Jember Bondowoso Lumajang Pemerintahan Nasional Bola Internasional Bola Indonesia Update Laka Lantas Rekomendasi Infotainment Balbalan Tapal Kuda Oto dan Tekno MotoGP

Sinkronisasi Penyusunan APBD Bondowoso Mulai Dilakukan

Faqih Humaini • Rabu, 26 November 2025 | 14:03 WIB
BERKUMPUL: Pihak legislatif dan eksekutif saat mengikuti rapat paripurna, kemarin (24/11).(FAQIH HUMAINI/RADAR IJEN)
BERKUMPUL: Pihak legislatif dan eksekutif saat mengikuti rapat paripurna, kemarin (24/11).(FAQIH HUMAINI/RADAR IJEN)

RADAR JEMBER - Sinkronisasi kebijakan daerah dengan agenda pembangunan provinsi dan nasional menjadi fondasi utama dalam penyusunan APBD 2026.

Hal itu diungkapkan Ketua Banggar DPRD Bondowoso, Ahmad Dhafir saat mengikuti agenda paripurna, kemarin.

Dhafir menjelaskan, keselarasan arah pembangunan mutlak diperlukan agar program daerah tidak berjalan sendiri dan tetap berada dalam koridor peraturan perundang-undangan.

Menurutnya, seluruh proses pembahasan Raperda APBD 2026 dilakukan dengan mengacu pada tema RKPD Kabupaten Bondowoso, yakni Penguatan Ekonomi Lokal Berbasis Inovasi dan Kemandirian Menuju Pertumbuhan Inklusif Berkelanjutan.

Tema itu telah disinkronkan dengan RKPD Provinsi Jatim dan RKP Nasional.

“Arah kebijakan harus berjalan seirama supaya pembangunan daerah tidak keluar dari jalur dan benar-benar mendukung agenda strategis pemerintah,” ujarnya. 

Ia menekankan, penyusunan APBD bukan sekadar penyesuaian angka, tetapi proses strategis yang memastikan setiap program memiliki dasar hukum, arah yang jelas, serta relevansi terhadap kebutuhan masyarakat.

Oleh karena itu, Banggar berpedoman pada sejumlah regulasi, mulai dari Permendagri hingga Peraturan Pemerintah mengenai pengelolaan keuangan daerah.

“Ini untuk memastikan seluruh keputusan anggaran memiliki legitimasi dan akuntabilitas,” tegasnya. 

Dhafir menambahkan, pembahasan anggaran dilakukan secara detail bersama Tim Anggaran Pemerintah Daerah (TAPD), agar setiap program yang diusulkan perangkat daerah sesuai dengan prioritas pembangunan.

Penajaman ini dilakukan untuk menghindari kegiatan yang tidak relevan atau tidak masuk dalam sasaran pembangunan 2026.

“Program harus betul-betul selaras dengan RKPD, bukan sekadar memenuhi daftar belanja,” tambahnya.

Banggar juga memberikan perhatian pada sektor yang menjadi landasan pembangunan, terutama infrastruktur pendukung ekonomi masyarakat seperti jaringan irigasi.

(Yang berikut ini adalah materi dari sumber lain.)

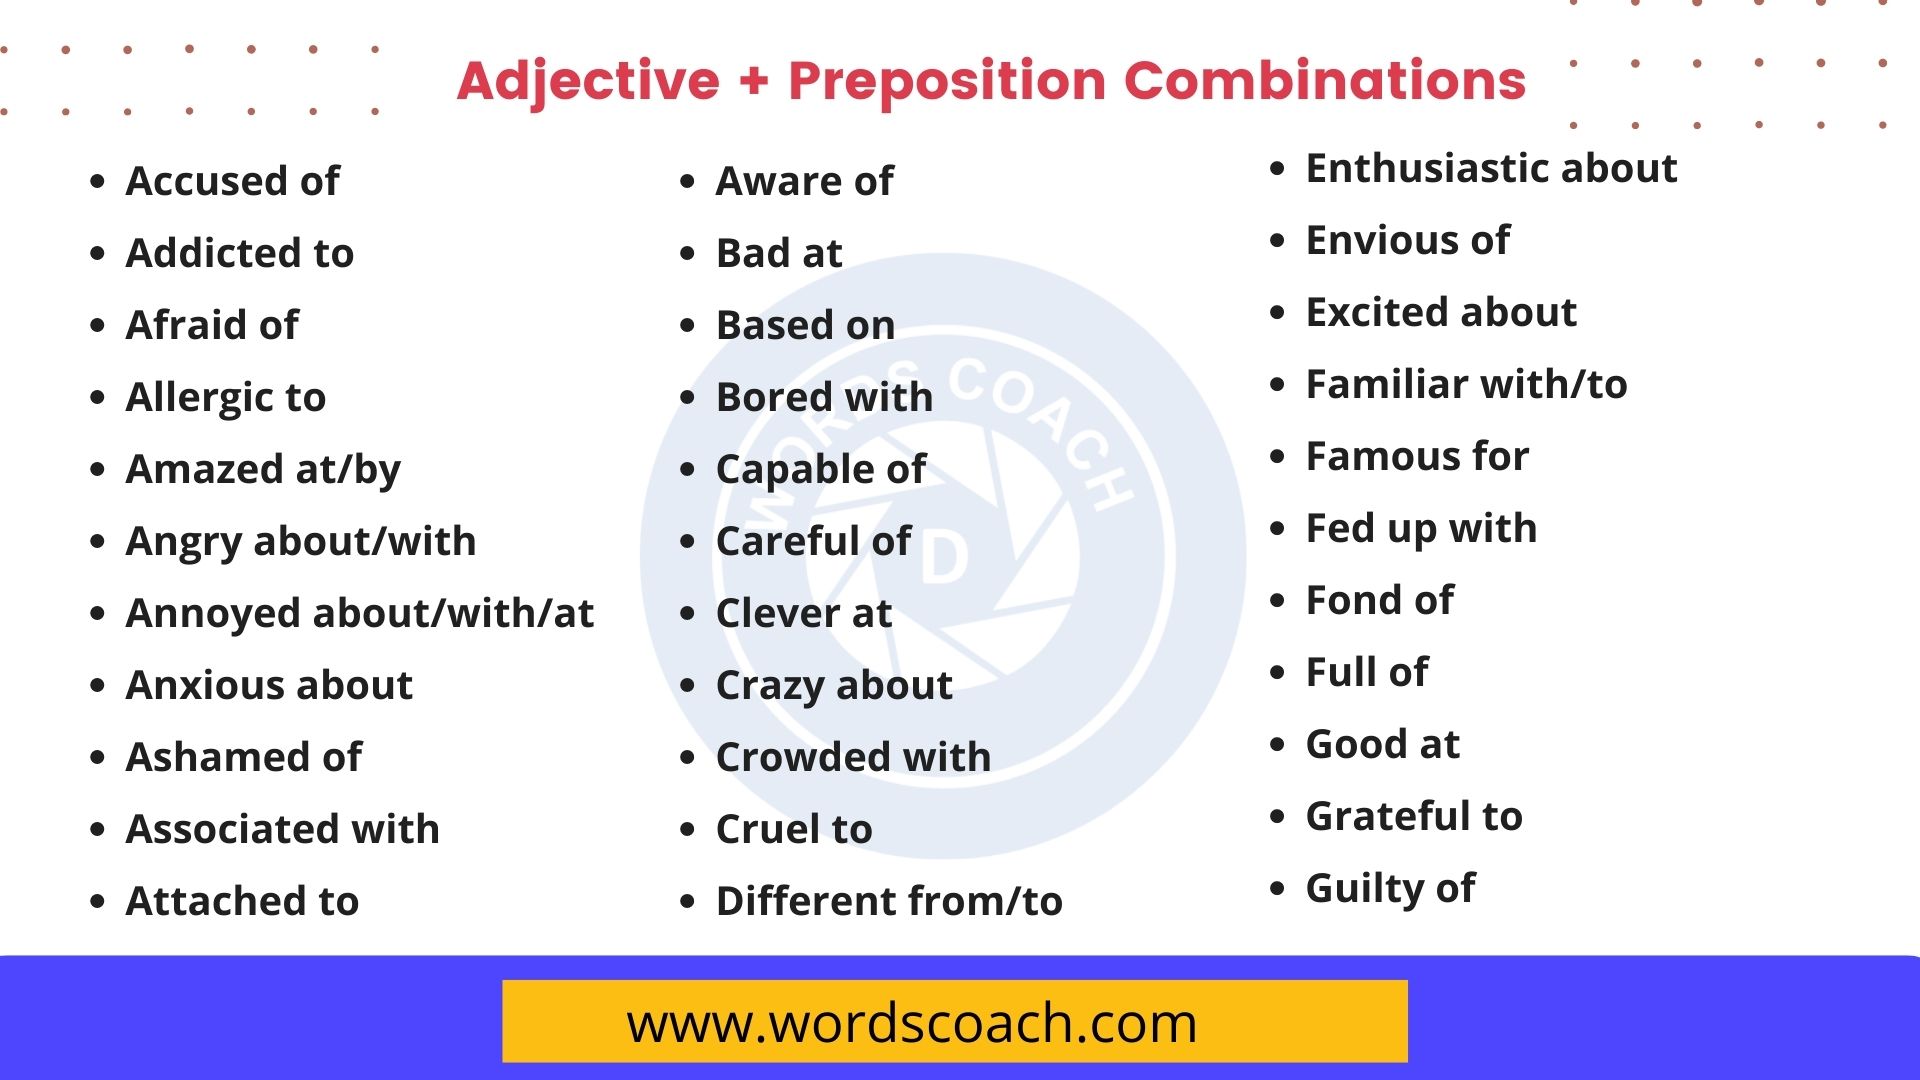 Adjective + Preposition Combinations
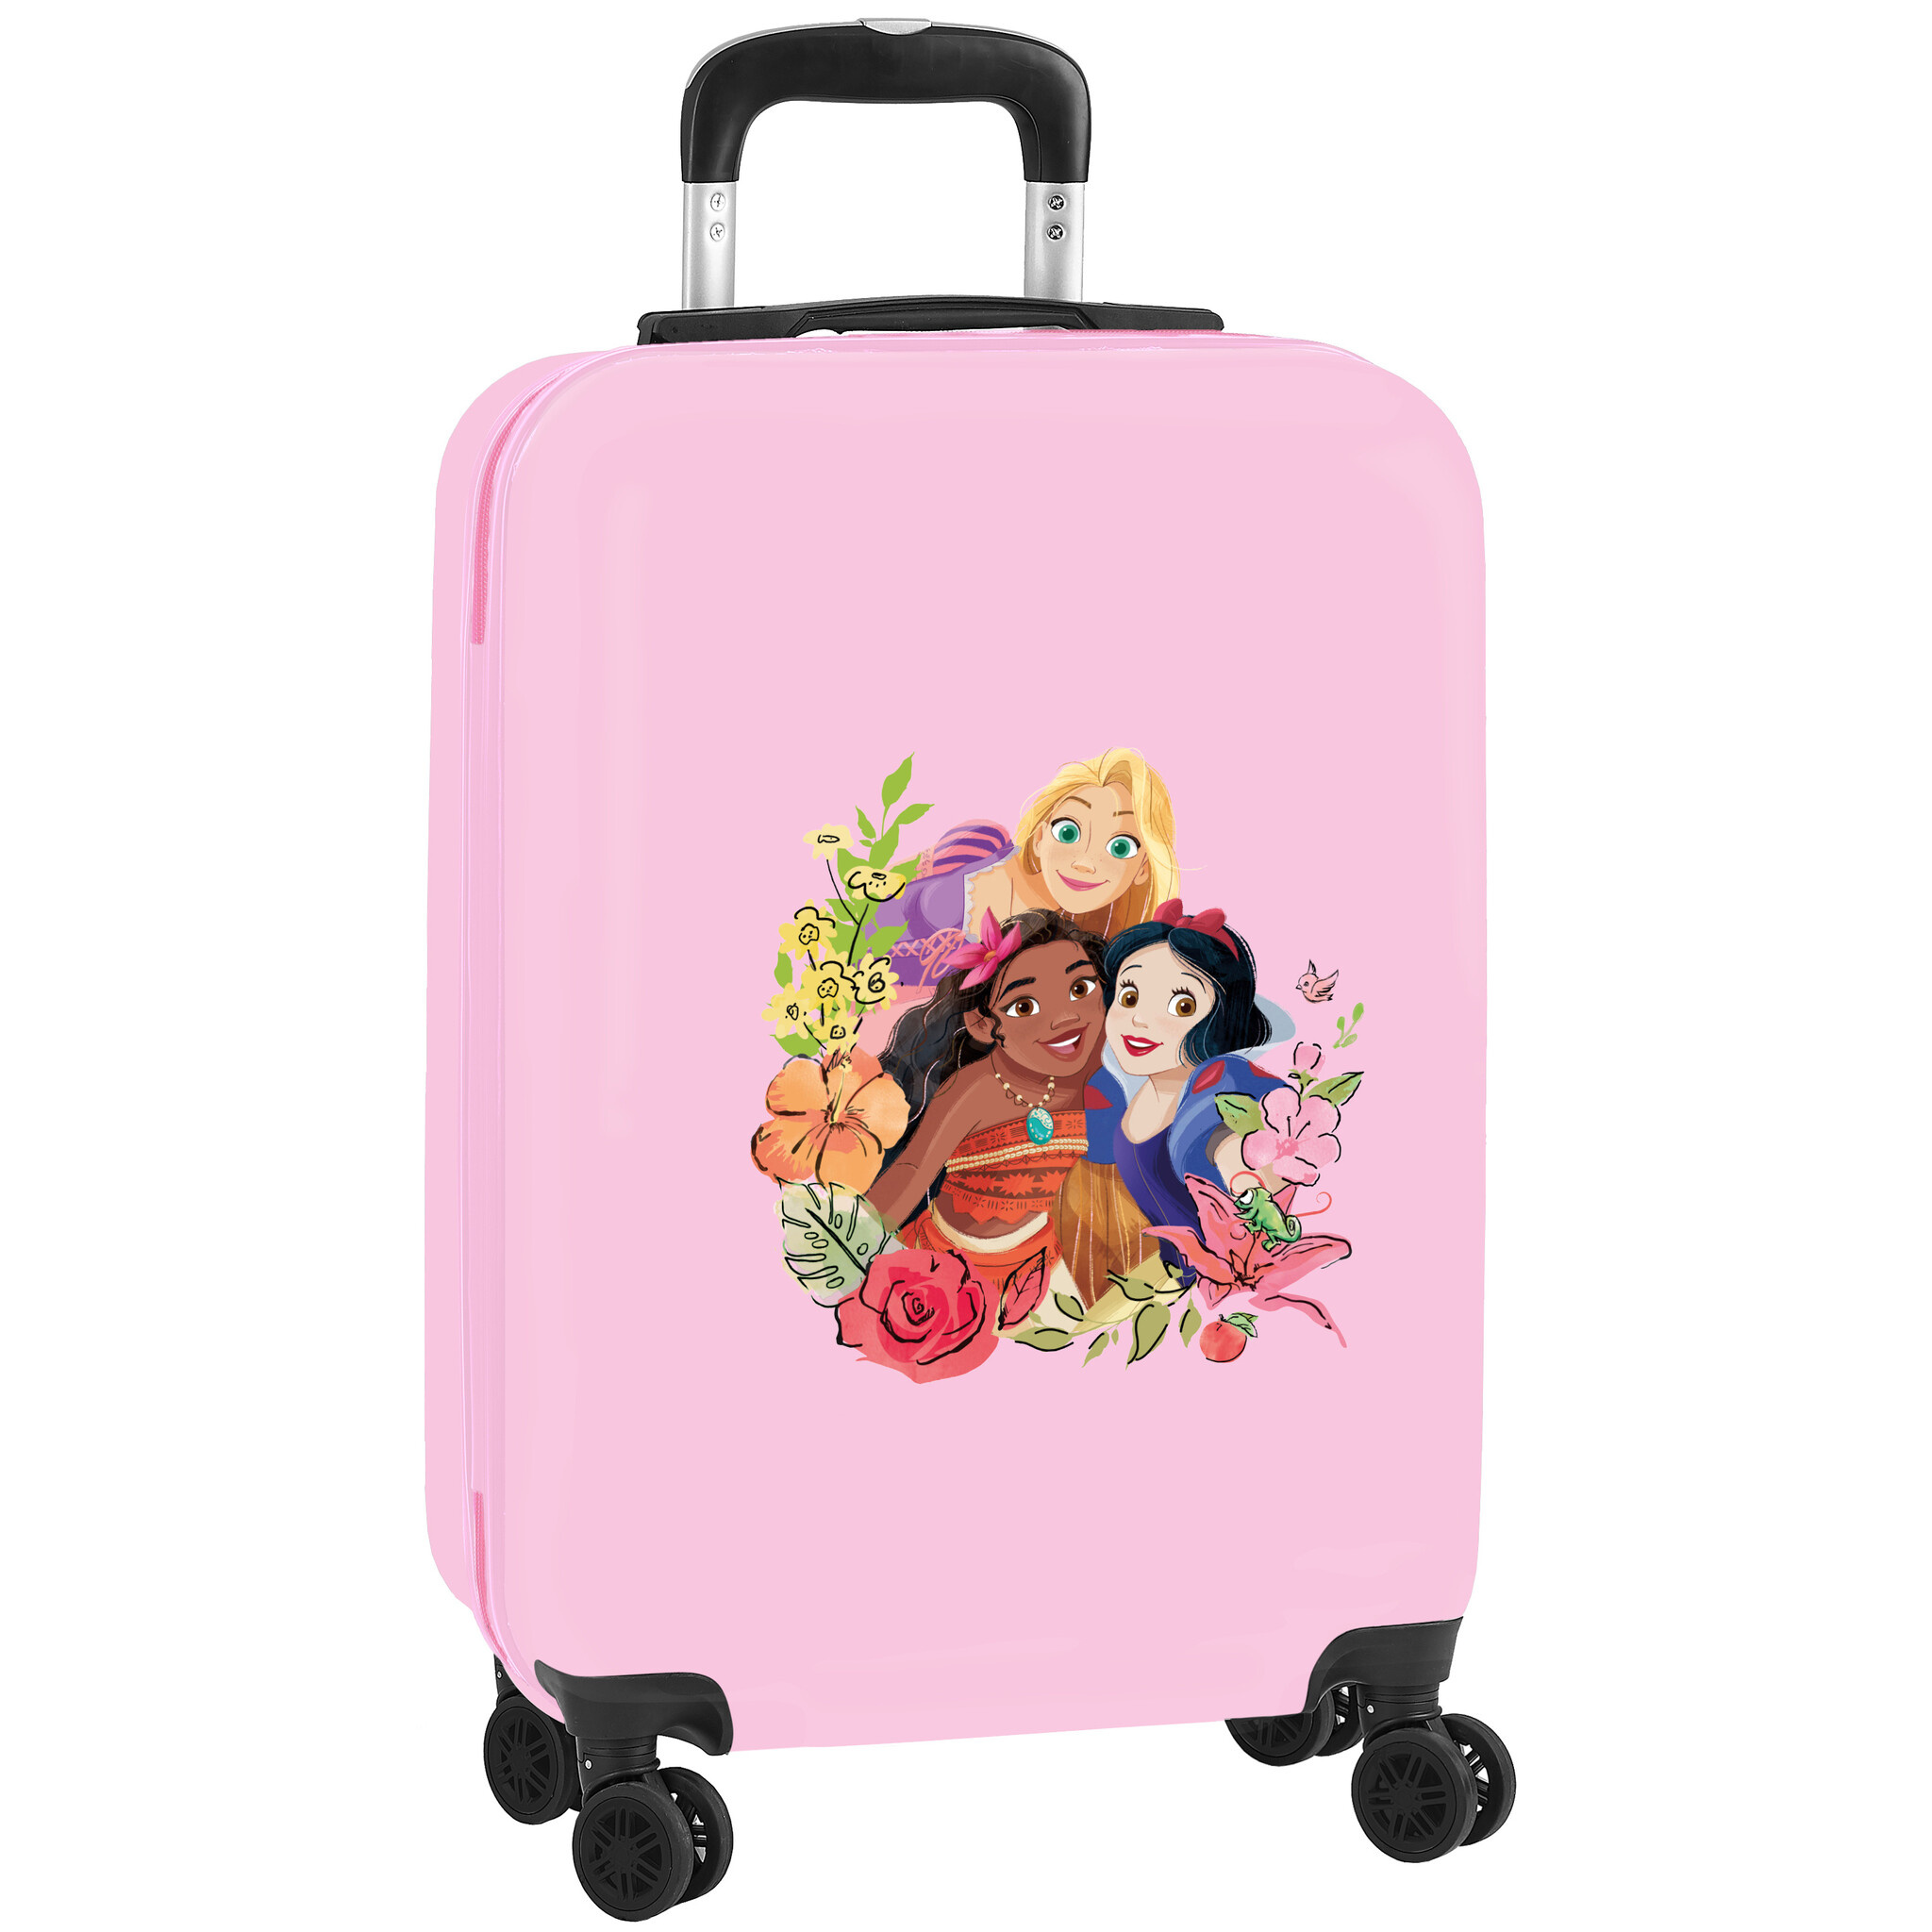 Disney Princess Trolley Magical - 55 x 34.5 x 20 cm - ABS hard case

Menurut Dhafir, banyak infrastruktur pertanian yang belum tertangani sehingga membutuhkan percepatan pembangunan maupun rehabilitasi untuk menunjang produktivitas.

Hal itu, sejalan dengan prioritas ketahanan pangan yang menjadi bagian dari tema pembangunan tahun depan. 

Selain itu, Banggar menekankan pentingnya tata kelola pemerintahan yang efektif dan terukur.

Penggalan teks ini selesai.